The vectors of the N elements (w₁, . . . , w_N) representing the diagonal components of the diagonal matrix W are stored in a weight memory 803. This data is set by the weight setting unit 613. Since the i-th unit that stores x, and y, uses the i-th component w_i, it is required to switch the value of the signal SW for each unit 801. In FIG. 8, the signal line for supplying the signal SW to the unit 801 is omitted.

The temperature signal TE supplied from the temperature setting unit 615 is supplied to all the units 801. The function and configuration of the temperature signal follow the prior art.
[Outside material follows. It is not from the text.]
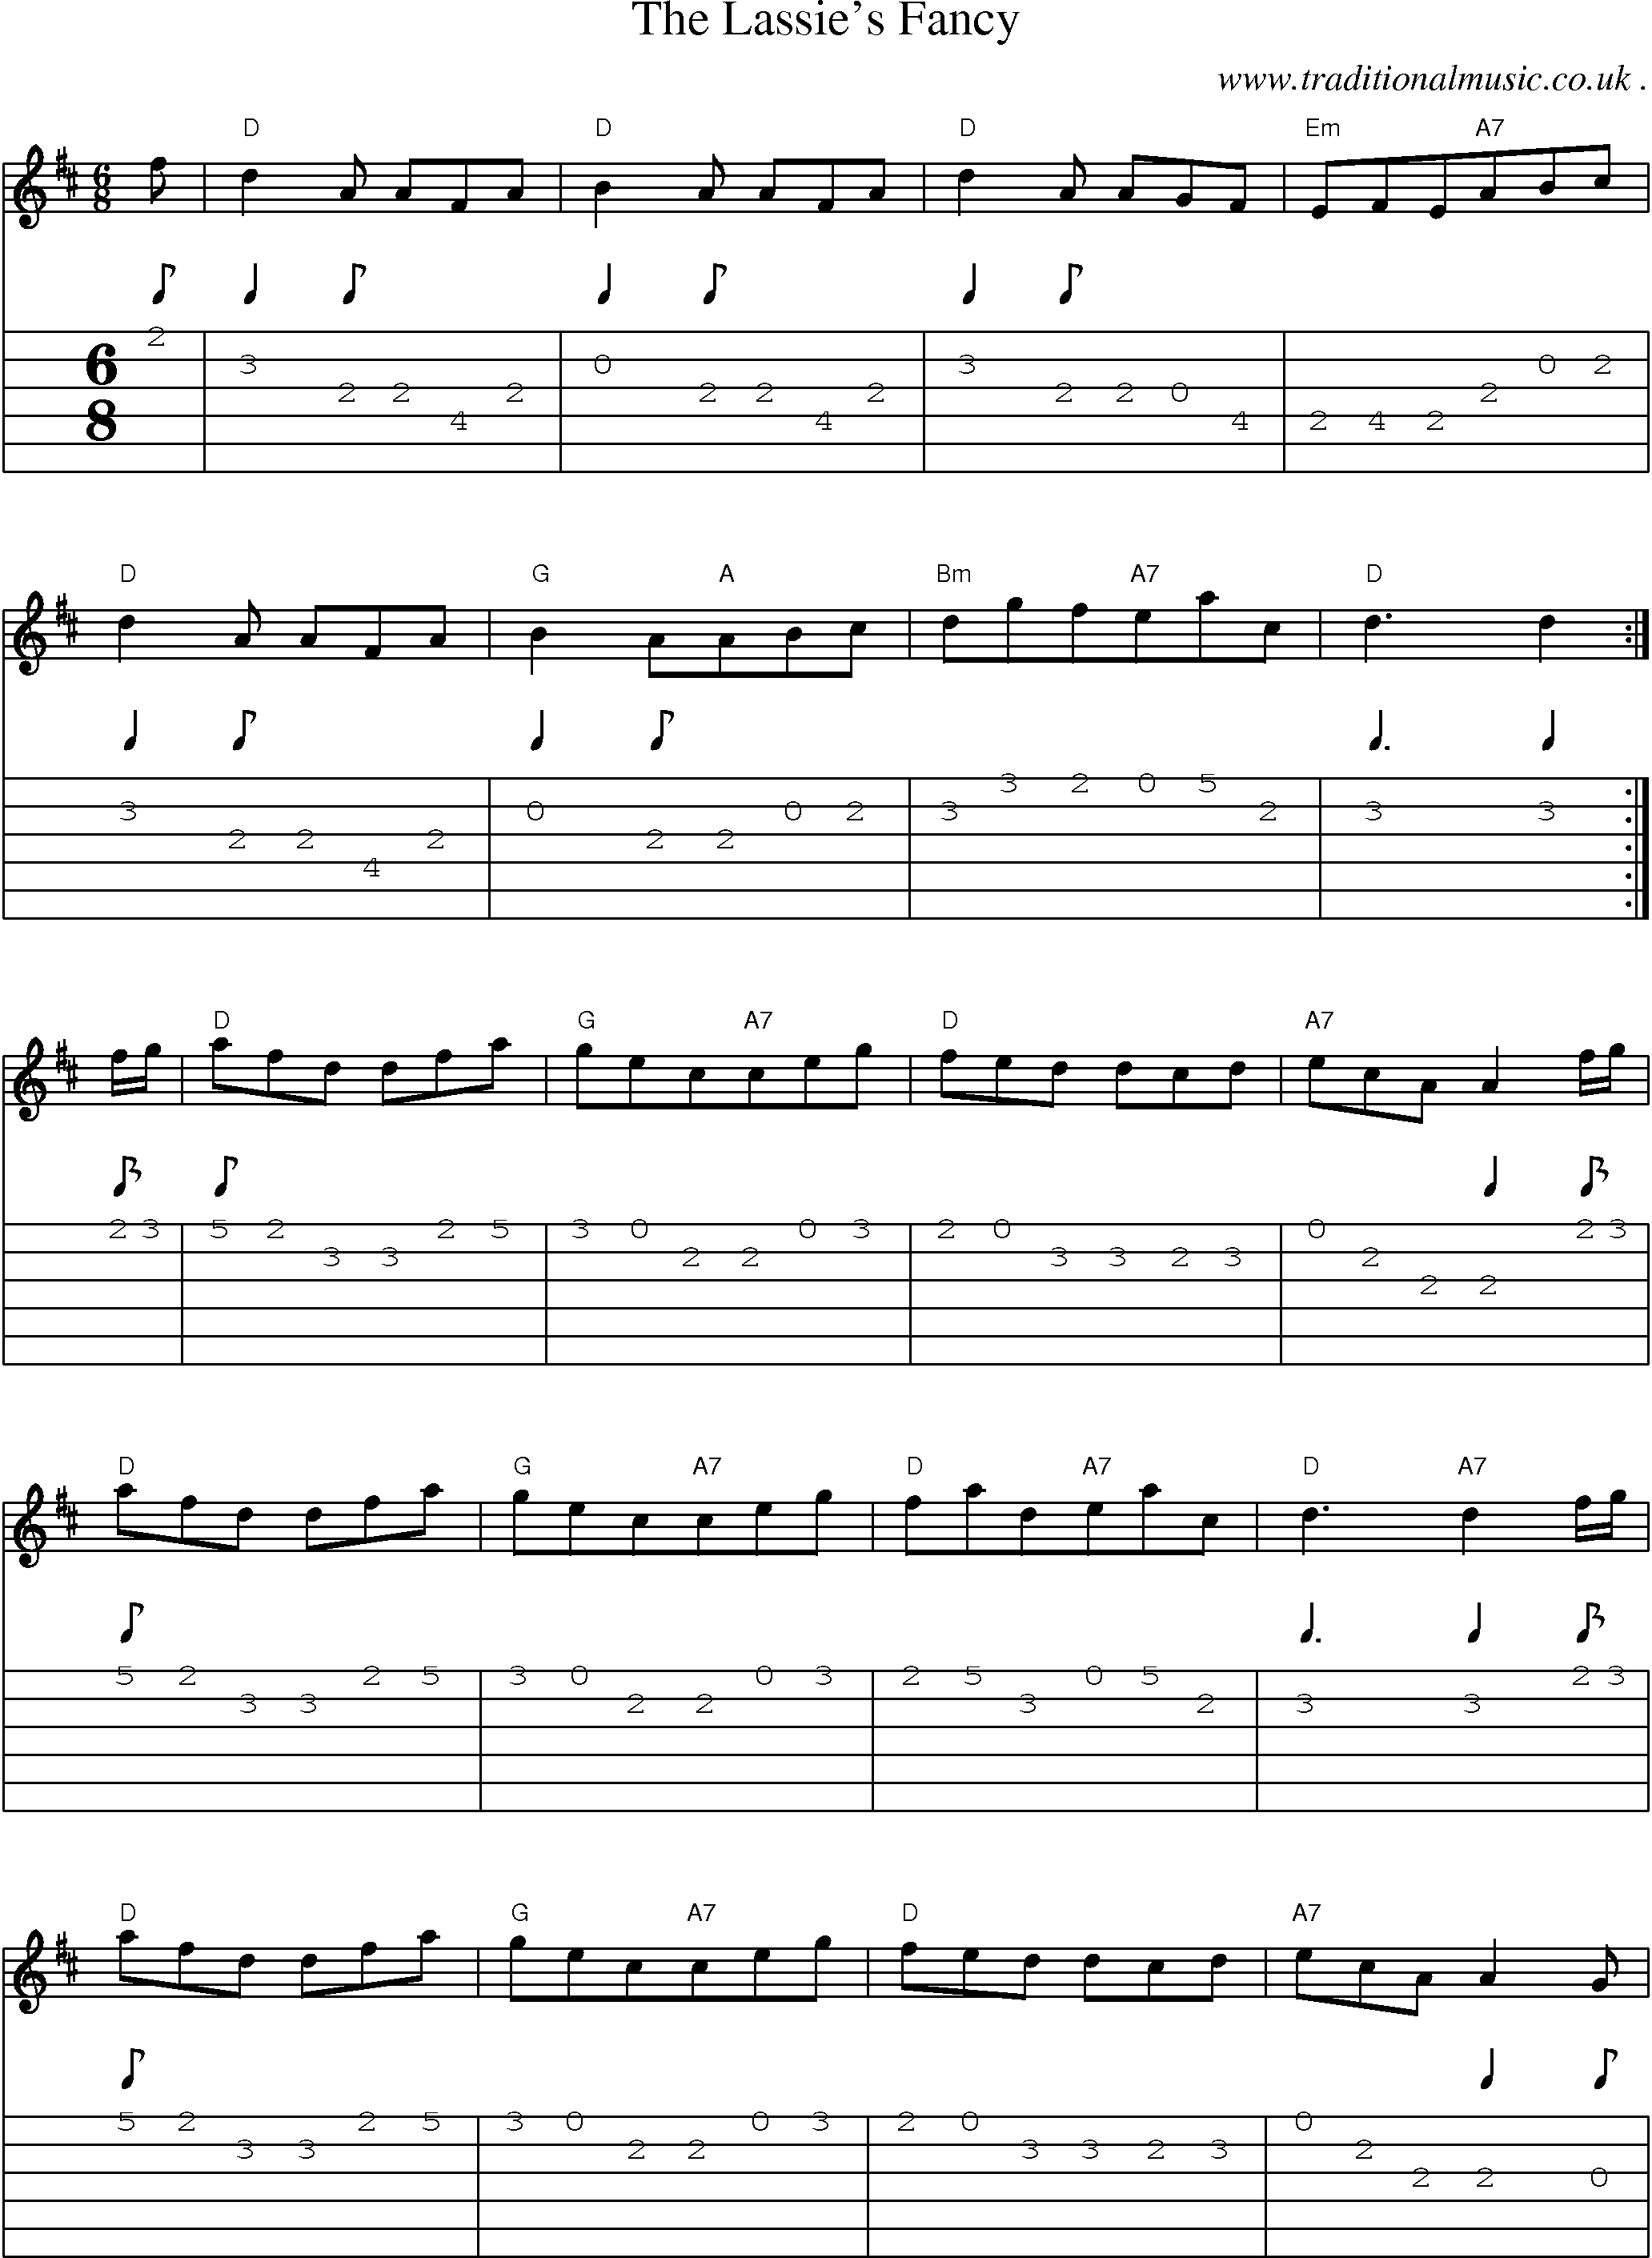 Sheet-Music and Guitar Tabs for The Lassies Fancy

The signal line that supplies the signal TE to the unit 801 is omitted.

An interaction driver 804 alternately inputs signals for allowing the update of the variable x and a signal for allowing the update of the variable y to each unit 801. As a result, the variables x₁to x_Nare updated at the same time, and the variables y₁to y_Nare updated at the same time.

An SRAM interface 805 writes and reads to and from the memory that stores the variables of the units 801 generated by applying the circuit configuration of the SRAM. The variable read after the process is completed in the calculation system 500 is sent to the variable value reading unit 617. The variable value reading unit 617 obtains a solution to the mixed binary quadratic programming problem by outputting the read variable as a continuous value or a binary value based on the domain data 603.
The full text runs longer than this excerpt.